Author's Notes: Written for the May 2024 Holmes Minor monthly prompt “Wash.”
***
Story on Dreamwidth
Story on AO3
Perhaps that revelation was inevitable. I don't know how long I could have maintained the façade of Hugh Boone the beggar, if I'd been formally charged with (my own) murder. I suppose I hoped to find a policeman to bribe into silence who would release me to the streets, where I would disappear until I returned to my wife a few days later with a picaresque tale of my kidnapping by unsavoury Londoners.
Instead, I had to quite literally come clean – and before Mr. Sherlock Holmes of all people. Before those hawk-eyes that had seen through my ruse, his fist still gripping the wet bath-sponge that had stripped off my disguise, there was nothing for it but to confess all. I swore a solemn promise to destroy the vestiges of my beggar alter ego, in exchange for keeping the matter out of the courts.
That was the pleasant side of that business.
Then I had to go home and tell Kate not only where I had been but what I'd been doing since before she even knew me, let alone before she'd wed me and had our children. Thus did she learn that her marriage had been built upon a lie, and after all the past years I'd presented myself to her as a moneyed gentleman of leisure, she knew what profession had actually paid for our fine house, the servants, the horses, the very toys our children owned. Worse than that prison cell was seeing the light of trust flicker and die out in my wife's eyes. She never raised her voice to me about the matter; she simply closed up like a castle gate and responded to every entreaty like an automaton.
I also had to find honest employment – and discovered within a week that a journalist's salary would not let us remain at The Cedars. Within six months I was forced to sell the villa and dismiss half the servants (I would not deprive Kate of the governess or other domestics), for we needed to live on my savings until I acquired a far more modest dwelling in a less fashionable area of Kent and established myself in my regained profession. Little Reggie wept for some weeks, wanting to "go home," but baby Jane was too young to understand why we'd moved; it was one of the few blessings of the situation.
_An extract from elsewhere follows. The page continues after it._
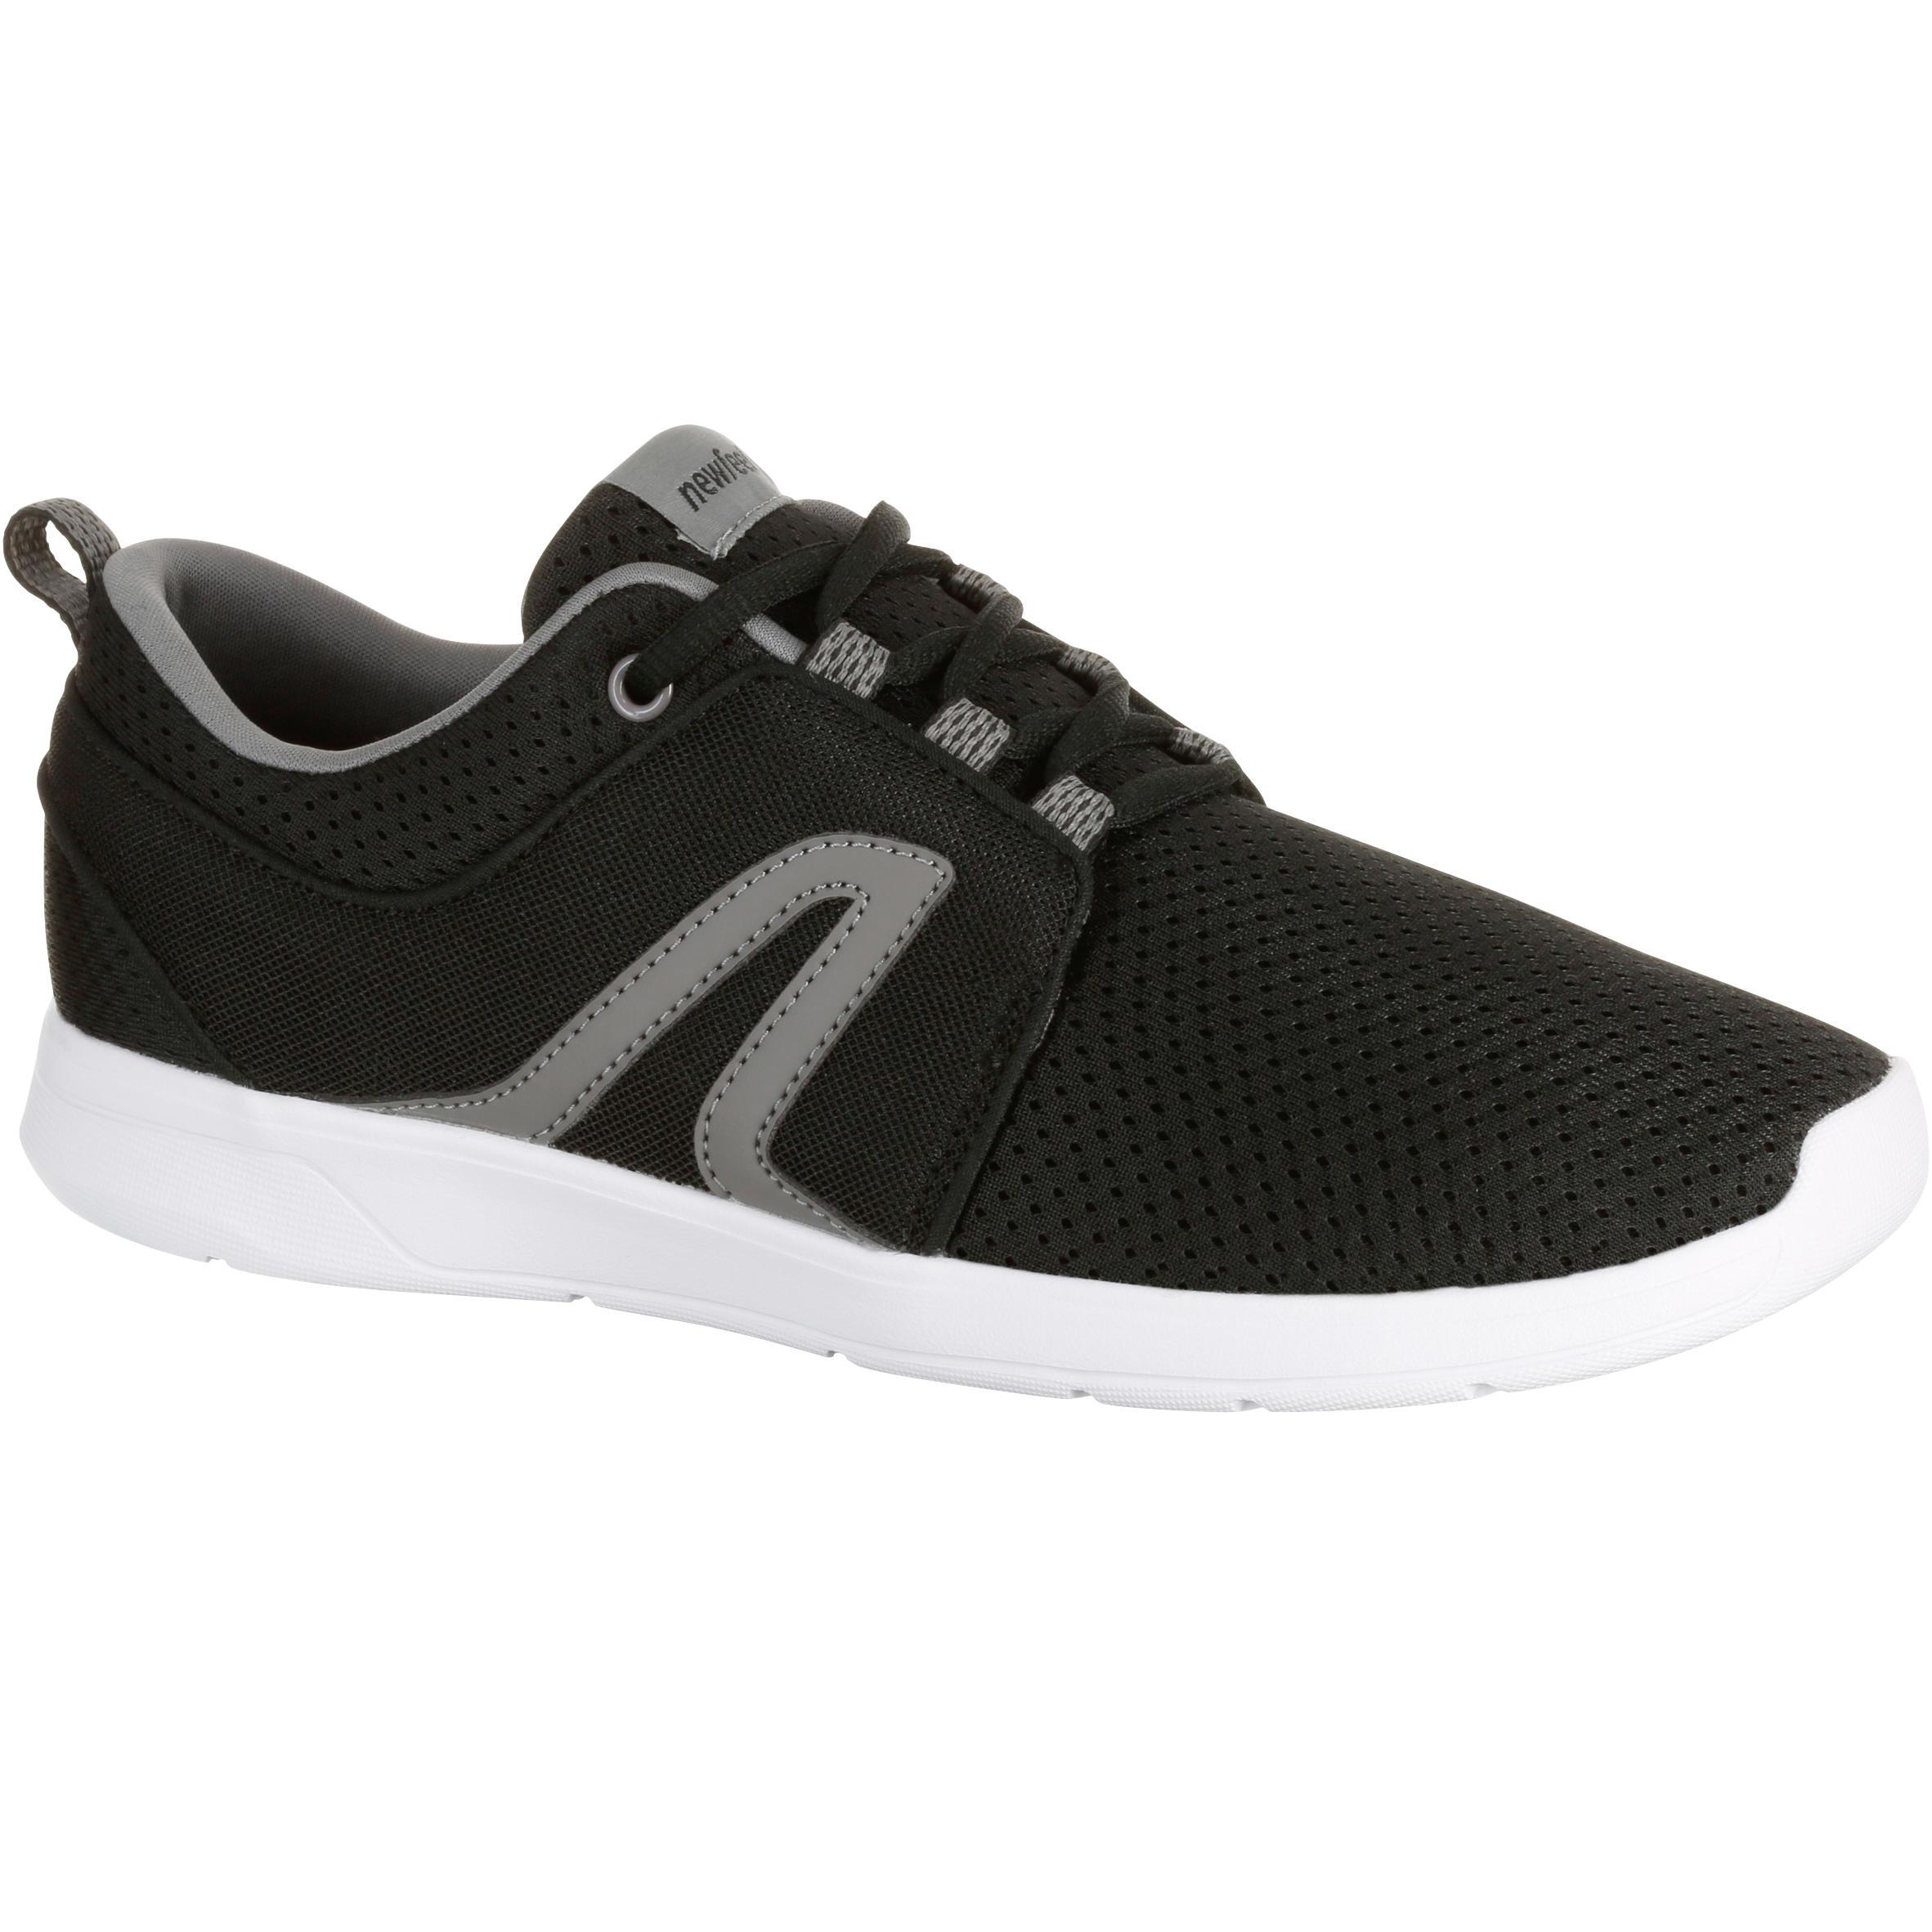 Walkingschuhe Soft 140 Mesh Damen   Schuhe > Sportschuhe > Walkingschuhe   Newfeel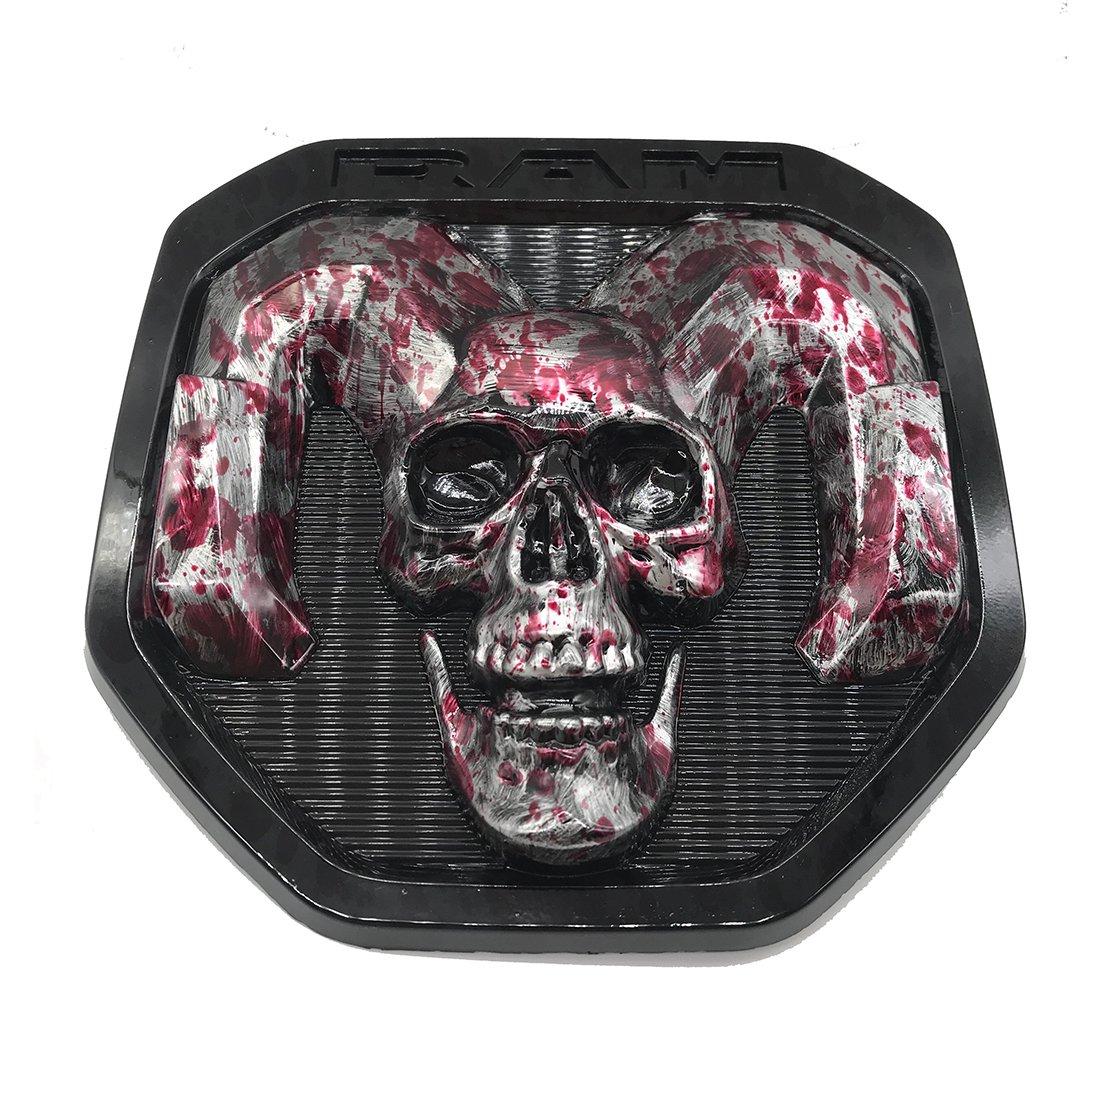 blood skull Tailgate head Emblem Medallion Satin Skul 2019-2020 for Dodge RAM 1500 DT 1500 2500 3500

This is how things stand. I once had a gentleman's stipend gained by the penny and half-penny via my talent at makeup and acting. Now I take a train to toil at my mediocre newspaper for an eighth of the income I'd earned as an eccentric mendicant, and return to a home that would have fit in The Cedars' carriage-house. And where I once saw love in the eyes of my Kate, now there is only cold silence between us, and no earthly way to mend the rift.
Mr. Sherlock Holmes didn't just wash my face with that damned sponge; he washed away my life.